# Train using supervised examples

## Requirements

`pip install -r requirements.txt`

Start training SFT model

```bash
python trainer.py --configs defaults galactica-125m
```

For `wandb`: update the `entity` argument in `trainer.py`'s call to `wandb.init`
to be your weights and biases username per
[docs](https://docs.wandb.ai/ref/python/init).

## Dataset choices

To specify which translation pair for
[WMT](https://huggingface.co/datasets/wmt19) and
[TED Talk](https://huggingface.co/datasets/ted_talks_iwslt) translation simply
add the supported language pair at the postfix

```
  datasets:
    - wmt2019_zh-en
    - wmt2019_ru-en
    - wmt2019_de-en
    - ted_trans_nl-en
    - ted_trans_de-ja
```

Currently only these languages are supported via prompt translation:

```
ar,de,fr,en,it,nl,tr,ru,ms,ko,ja,zh
```

## Dataset sub-sampling

We can subsample the **training** data by passing either the `fraction` or
`size` argument in the `configs/config.yml` file.
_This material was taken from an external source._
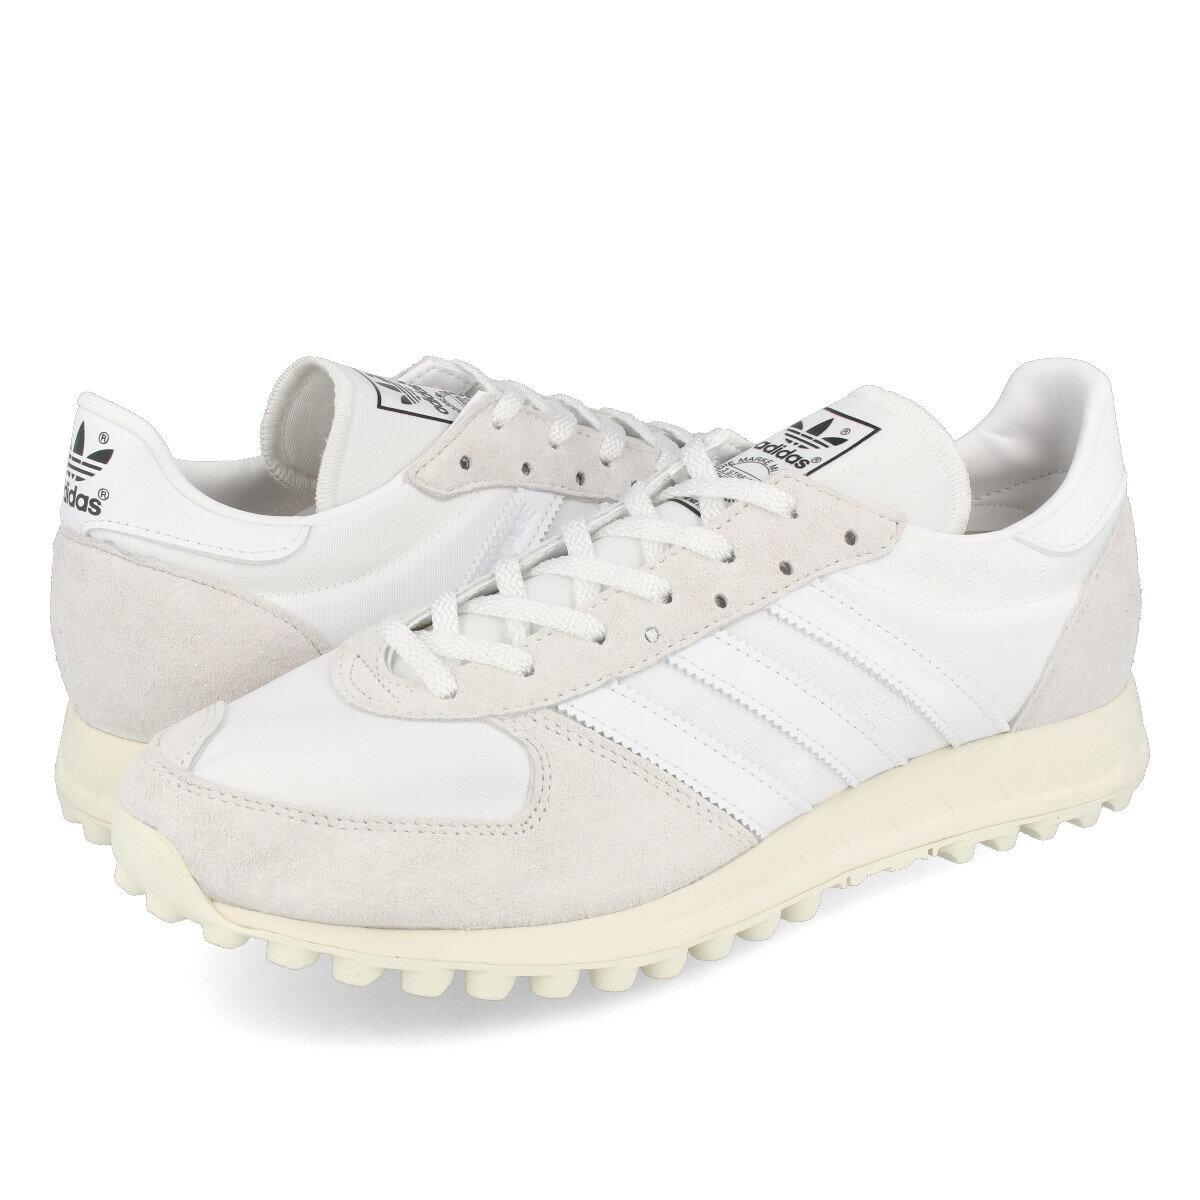 メンズ靴, スニーカー adidas TRX VINTAGE TRX OFF WHITEFTWR WHITECORE BLACK h02091
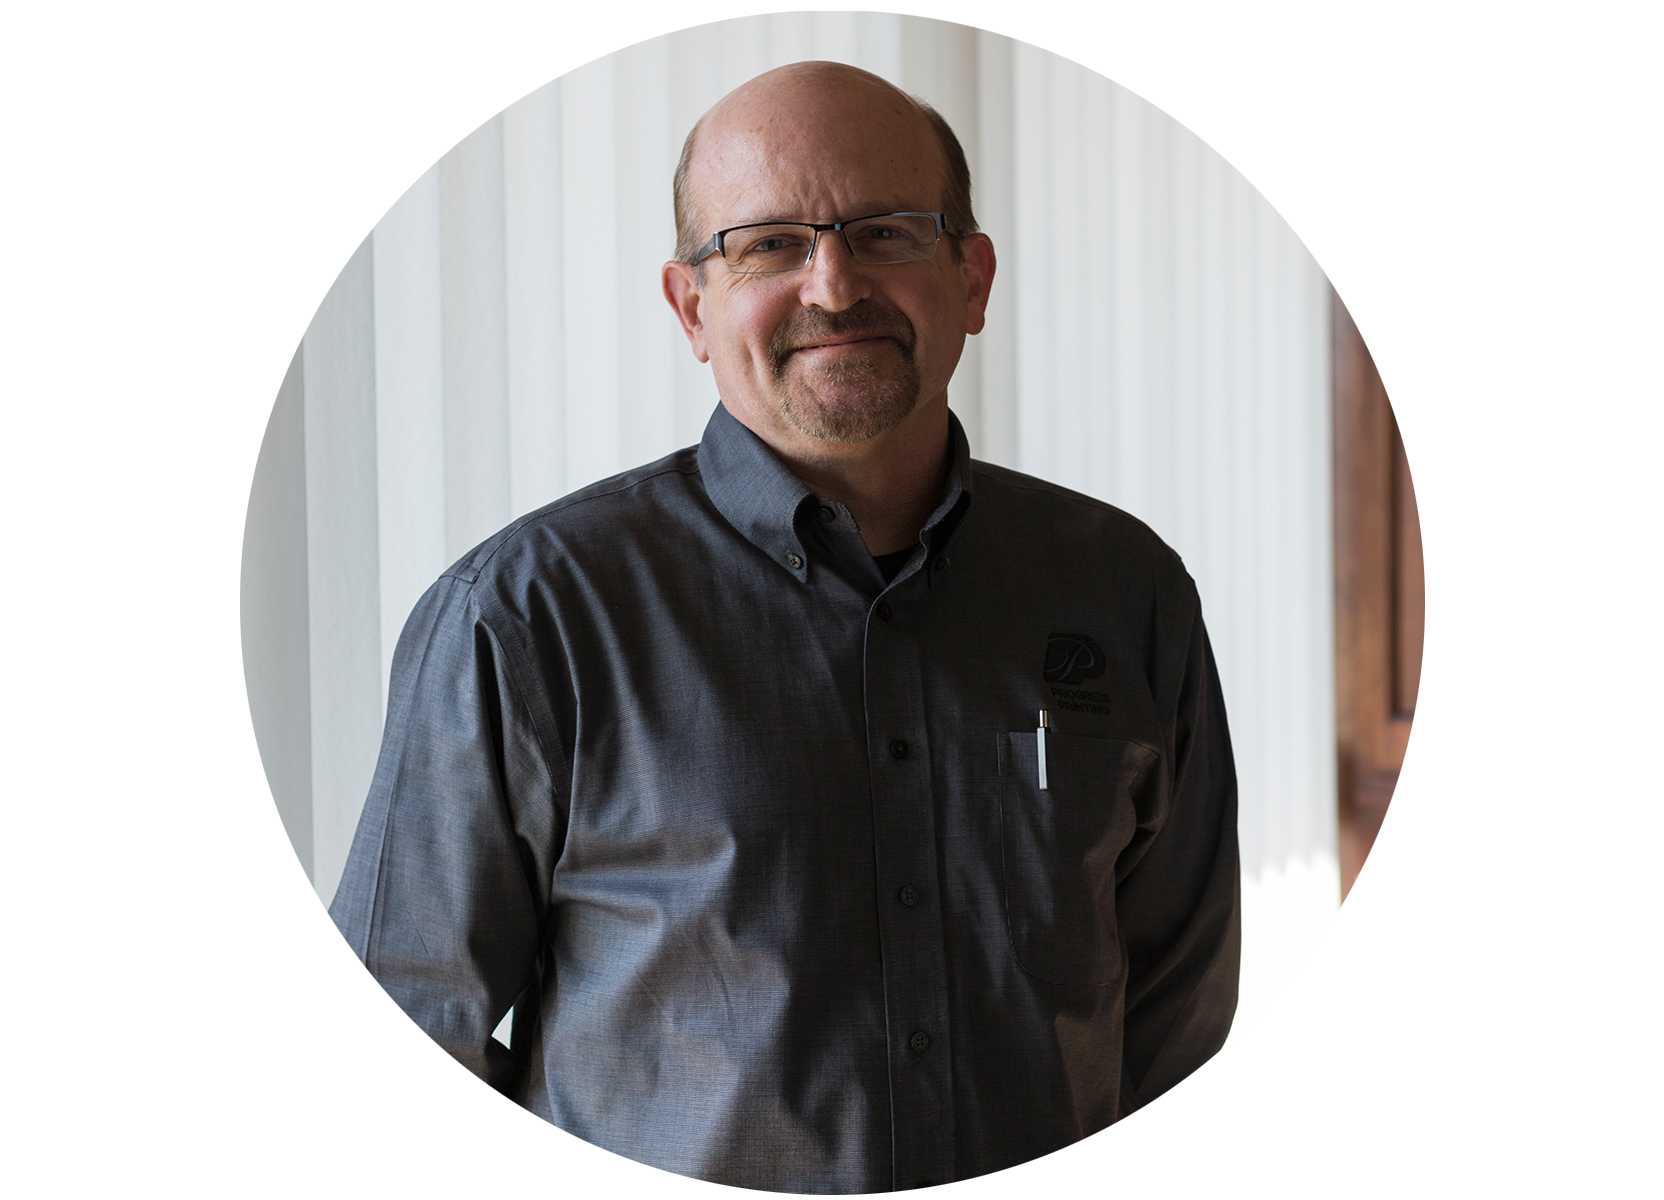 """<b>DAVID SHELTON</b><br>Prepress Coordinator<br><a href=""""mailto:dshelton@progressprintplus.com"""">     <i class=""""fa fa-envelope-o"""" aria-hidden=""""true""""></i> Email</a>"""

Don't forget the additional
colon ":" after the dataset name when doing this.

Example:

```
  datasets:
    - webgpt:
        fraction : 0.05
    - prompt_dialogue:
        size : 500
    - adversarial_qa
    - trivia_qa_nocontext
```

In this example, per epoch we will use:

- A random 5% of `webgpt`;
- A random 500 examples from `prompt_dialogue`;
- All examples from datasets for which we don't specify the `fraction` or `size`
  argument.

In the above example, per epoch we'll use a different 5% from `webgpt` and a
different 500 examples from `prompt_dialogue`.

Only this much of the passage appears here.